### Prompt
Below are records to be repeated in full. Give them exactly.

◇ ◇ ◇

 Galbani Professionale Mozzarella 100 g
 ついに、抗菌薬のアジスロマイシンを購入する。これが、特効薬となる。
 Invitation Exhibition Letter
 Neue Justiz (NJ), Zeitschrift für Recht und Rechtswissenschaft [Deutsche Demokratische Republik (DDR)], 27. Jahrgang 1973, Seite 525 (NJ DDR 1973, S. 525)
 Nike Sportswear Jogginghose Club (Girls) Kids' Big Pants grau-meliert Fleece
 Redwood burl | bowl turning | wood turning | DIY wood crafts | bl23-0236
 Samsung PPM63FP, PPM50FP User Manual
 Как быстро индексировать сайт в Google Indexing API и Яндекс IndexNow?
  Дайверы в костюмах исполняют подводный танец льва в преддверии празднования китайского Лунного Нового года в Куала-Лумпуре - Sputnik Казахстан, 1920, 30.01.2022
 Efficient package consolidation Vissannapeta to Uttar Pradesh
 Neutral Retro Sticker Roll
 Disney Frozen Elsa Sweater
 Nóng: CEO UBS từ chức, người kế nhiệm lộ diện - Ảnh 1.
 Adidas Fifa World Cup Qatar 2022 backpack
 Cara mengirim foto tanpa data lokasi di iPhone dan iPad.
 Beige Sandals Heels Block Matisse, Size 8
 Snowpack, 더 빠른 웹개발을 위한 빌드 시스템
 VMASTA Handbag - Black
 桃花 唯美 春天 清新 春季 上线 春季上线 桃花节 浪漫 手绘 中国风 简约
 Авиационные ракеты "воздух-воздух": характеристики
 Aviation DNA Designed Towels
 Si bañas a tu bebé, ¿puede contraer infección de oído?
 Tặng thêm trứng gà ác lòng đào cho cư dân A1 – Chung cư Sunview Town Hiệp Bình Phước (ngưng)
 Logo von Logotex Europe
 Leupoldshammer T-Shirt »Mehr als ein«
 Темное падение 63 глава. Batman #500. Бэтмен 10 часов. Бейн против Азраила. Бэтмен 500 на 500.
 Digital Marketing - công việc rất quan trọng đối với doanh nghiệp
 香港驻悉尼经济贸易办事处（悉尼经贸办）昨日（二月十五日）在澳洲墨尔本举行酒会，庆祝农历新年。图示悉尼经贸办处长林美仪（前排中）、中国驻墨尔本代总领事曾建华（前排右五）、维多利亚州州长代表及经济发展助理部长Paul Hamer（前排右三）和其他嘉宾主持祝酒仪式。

◇ ◇ ◇

### Answer below
 Galbani Professionale Mozzarella 100 g
 ついに、抗菌薬のアジスロマイシンを購入する。これが、特効薬となる。
 Invitation Exhibition Letter
 Neue Justiz (NJ), Zeitschrift für Recht und Rechtswissenschaft [Deutsche Demokratische Republik (DDR)], 27. Jahrgang 1973, Seite 525 (NJ DDR 1973, S. 525)
 Nike Sportswear Jogginghose Club (Girls) Kids' Big Pants grau-meliert Fleece
 Redwood burl | bowl turning | wood turning | DIY wood crafts | bl23-0236
 Samsung PPM63FP, PPM50FP User Manual
 Как быстро индексировать сайт в Google Indexing API и Яндекс IndexNow?
  Дайверы в костюмах исполняют подводный танец льва в преддверии празднования китайского Лунного Нового года в Куала-Лумпуре - Sputnik Казахстан, 1920, 30.01.2022
 Efficient package consolidation Vissannapeta to Uttar Pradesh
 Neutral Retro Sticker Roll
 Disney Frozen Elsa Sweater
 Nóng: CEO UBS từ chức, người kế nhiệm lộ diện - Ảnh 1.
 Adidas Fifa World Cup Qatar 2022 backpack
 Cara mengirim foto tanpa data lokasi di iPhone dan iPad.
 Beige Sandals Heels Block Matisse, Size 8
 Snowpack, 더 빠른 웹개발을 위한 빌드 시스템
 VMASTA Handbag - Black
 桃花 唯美 春天 清新 春季 上线 春季上线 桃花节 浪漫 手绘 中国风 简约
 Авиационные ракеты "воздух-воздух": характеристики
 Aviation DNA Designed Towels
 Si bañas a tu bebé, ¿puede contraer infección de oído?
 Tặng thêm trứng gà ác lòng đào cho cư dân A1 – Chung cư Sunview Town Hiệp Bình Phước (ngưng)
 Logo von Logotex Europe
 Leupoldshammer T-Shirt »Mehr als ein«
 Темное падение 63 глава. Batman #500. Бэтмен 10 часов. Бейн против Азраила. Бэтмен 500 на 500.
 Digital Marketing - công việc rất quan trọng đối với doanh nghiệp
 香港驻悉尼经济贸易办事处（悉尼经贸办）昨日（二月十五日）在澳洲墨尔本举行酒会，庆祝农历新年。图示悉尼经贸办处长林美仪（前排中）、中国驻墨尔本代总领事曾建华（前排右五）、维多利亚州州长代表及经济发展助理部长Paul Hamer（前排右三）和其他嘉宾主持祝酒仪式。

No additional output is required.